I pulled 25 months of activity from three live sources: GitHub repos, arXiv papers, and Hugging Face models. Folded them into one table, five categories, 613 data points - then had an agent write and run the analysis entirely inside Bonacci Studio.
Here is what the data actually says.
The Numbers
- Agents and RAG are the two breakout areas. RAG is up 340% year over year, with agents right behind it.
- Inference is growing, but it sits in the middle of the pack - not out front the way people tend to assume.
- Training from scratch is very much alive. Up 32% month over month. The "nobody trains anymore" narrative is wrong.
- Nothing is cooling. Every category was up in the latest month, so the field is broadening, not narrowing.
Research Leads Shipping
arXiv activity moves about a month ahead of GitHub and Hugging Face across most categories. Papers appear, then repos and models follow. That lag is consistent and measurable.
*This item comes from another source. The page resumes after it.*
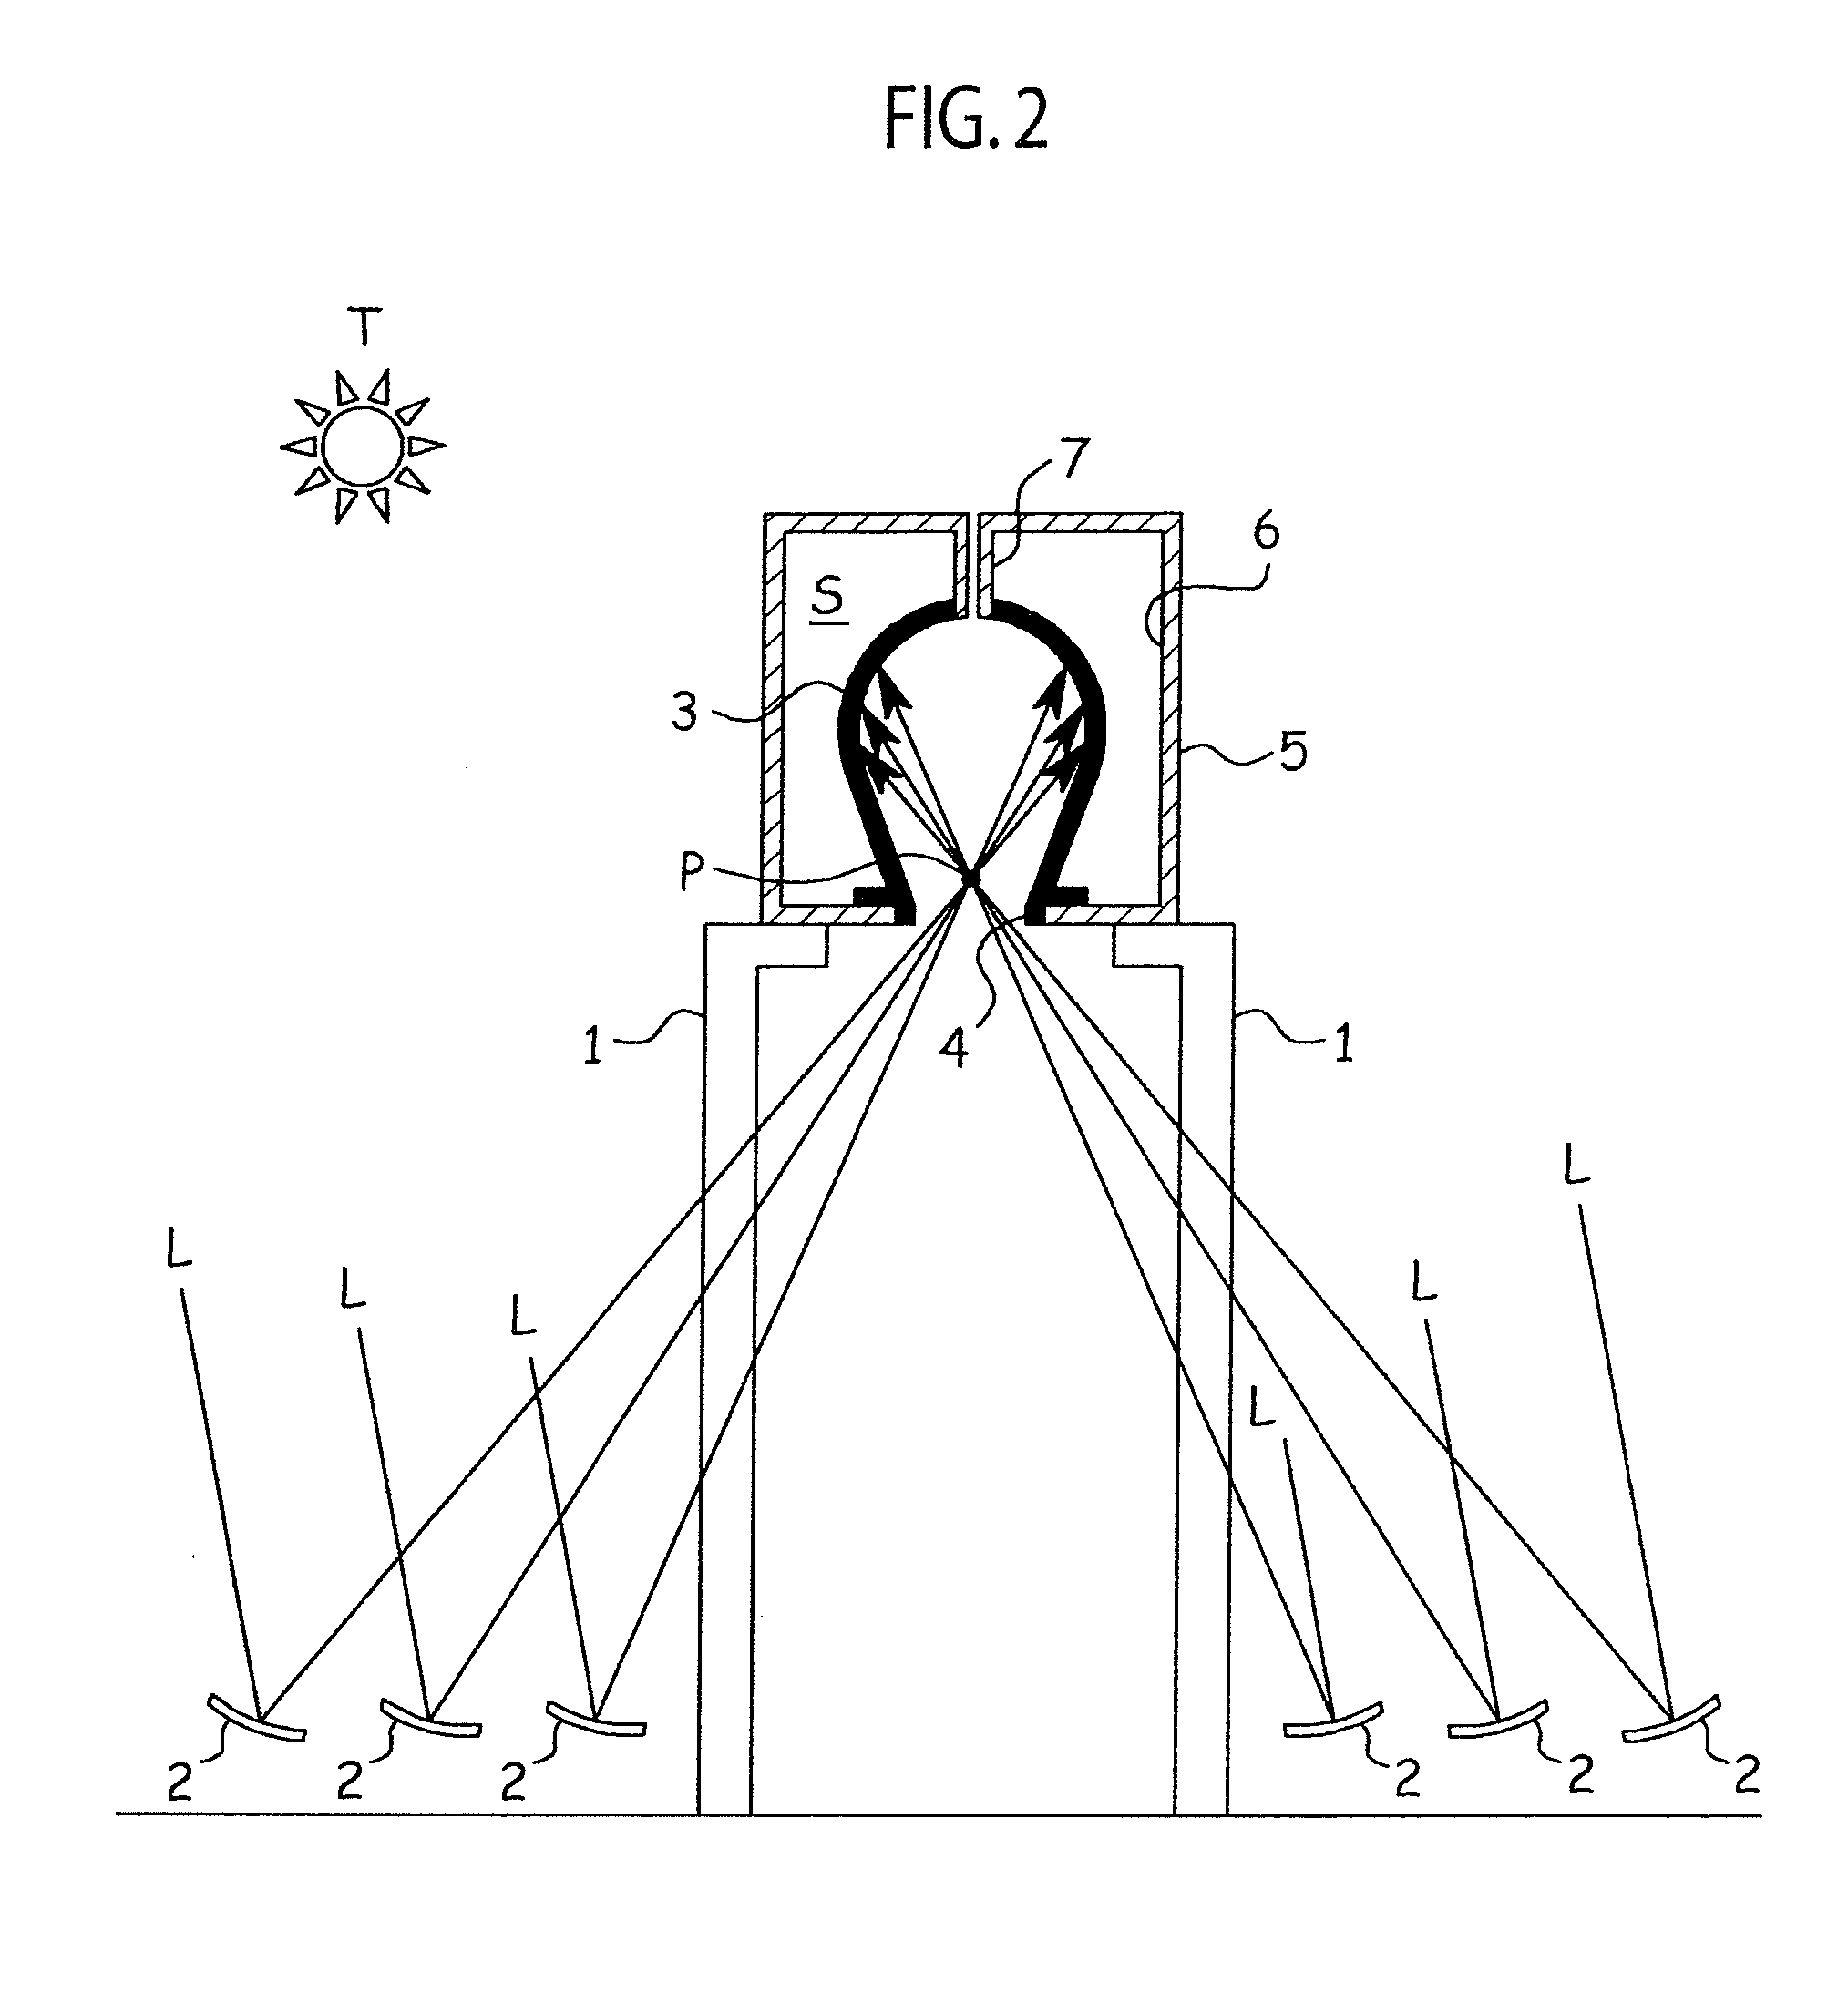 Solar power concentrating system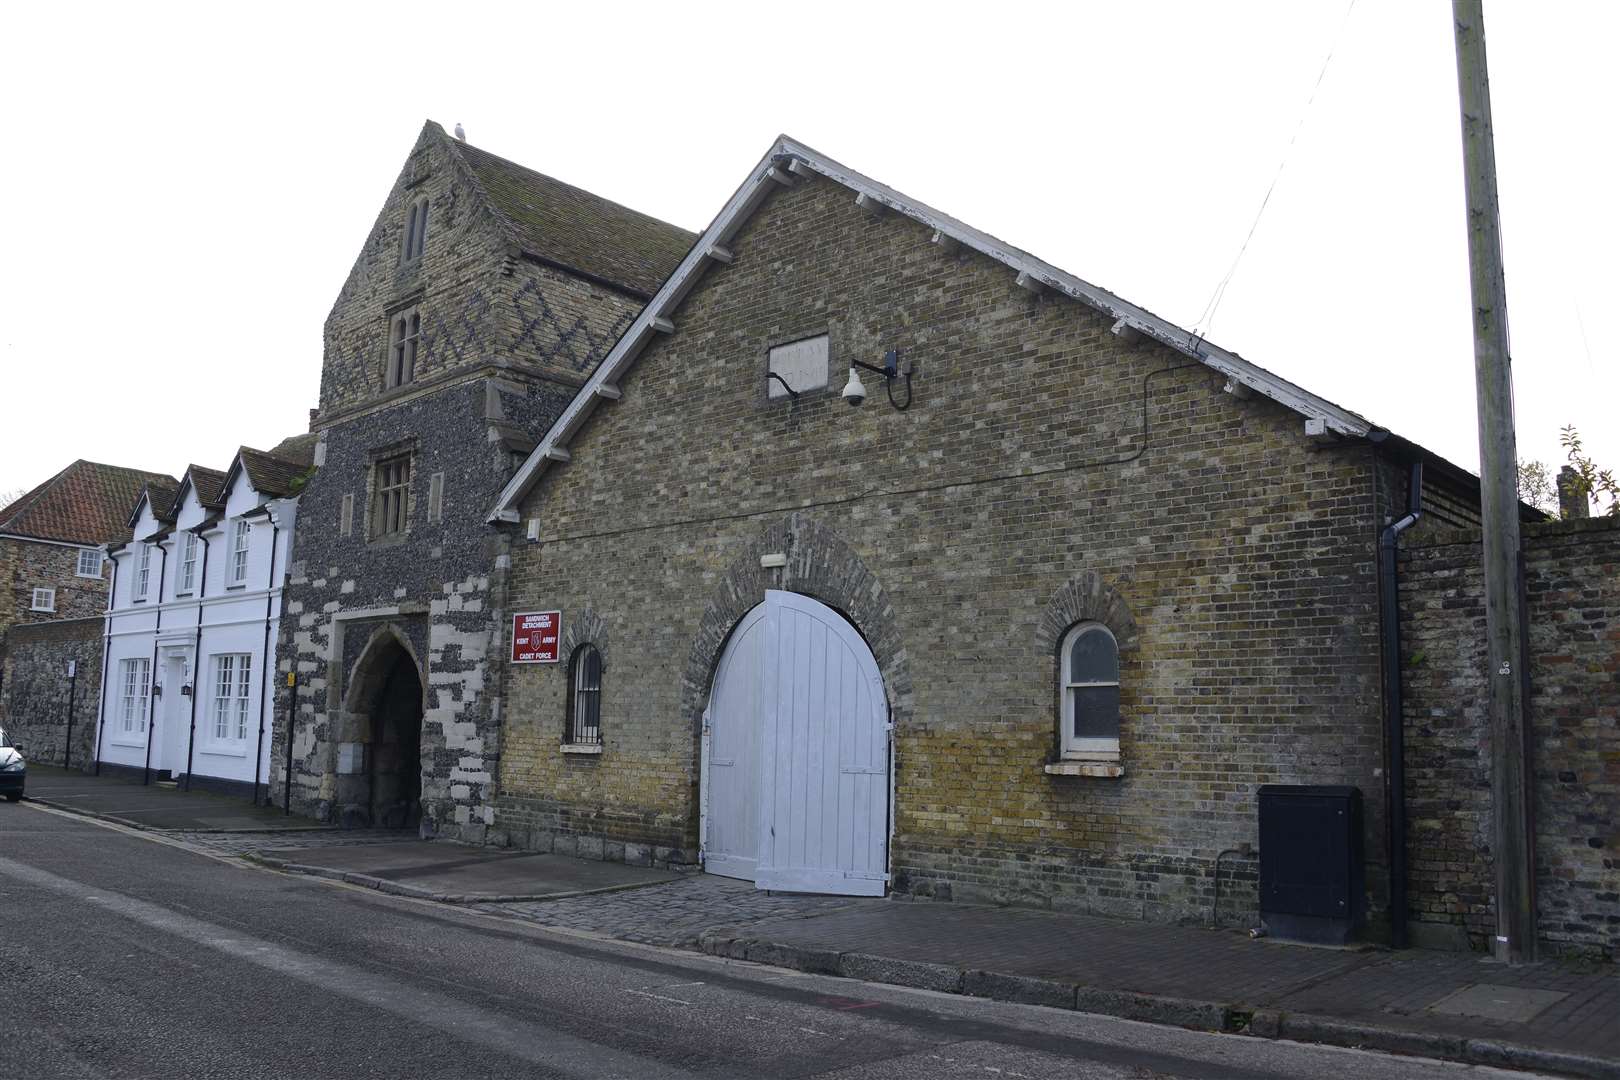 The Drill Hall in Sandwich

The one exception is inference. What ships barely tracks the papers. Inference research is prolific, but the engineering reality of deploying fast inference lags further behind than in any other category.
How It Ran
All of this ran inside Bonacci Studio. The agent wrote the PySpark, ran it against the data, and rendered the charts and the read right in the dock - no notebook switching, no copy-pasting results between tools.
What This Means
The AI field is not consolidating around one thing. Agents and RAG are the current inflection points, but inference, fine-tuning, and full pre-training are all growing simultaneously. Anyone telling you the space is narrowing is reading a different dataset.
The research-to-shipping lag also matters practically. If arXiv is your leading indicator, you have roughly a month of runway to build around the ideas before the ecosystem catches up. Inference is the anomaly - papers there are not translating to shipped tooling at the same rate, which means the gap between what is possible and what is easy to deploy is wider than anywhere else.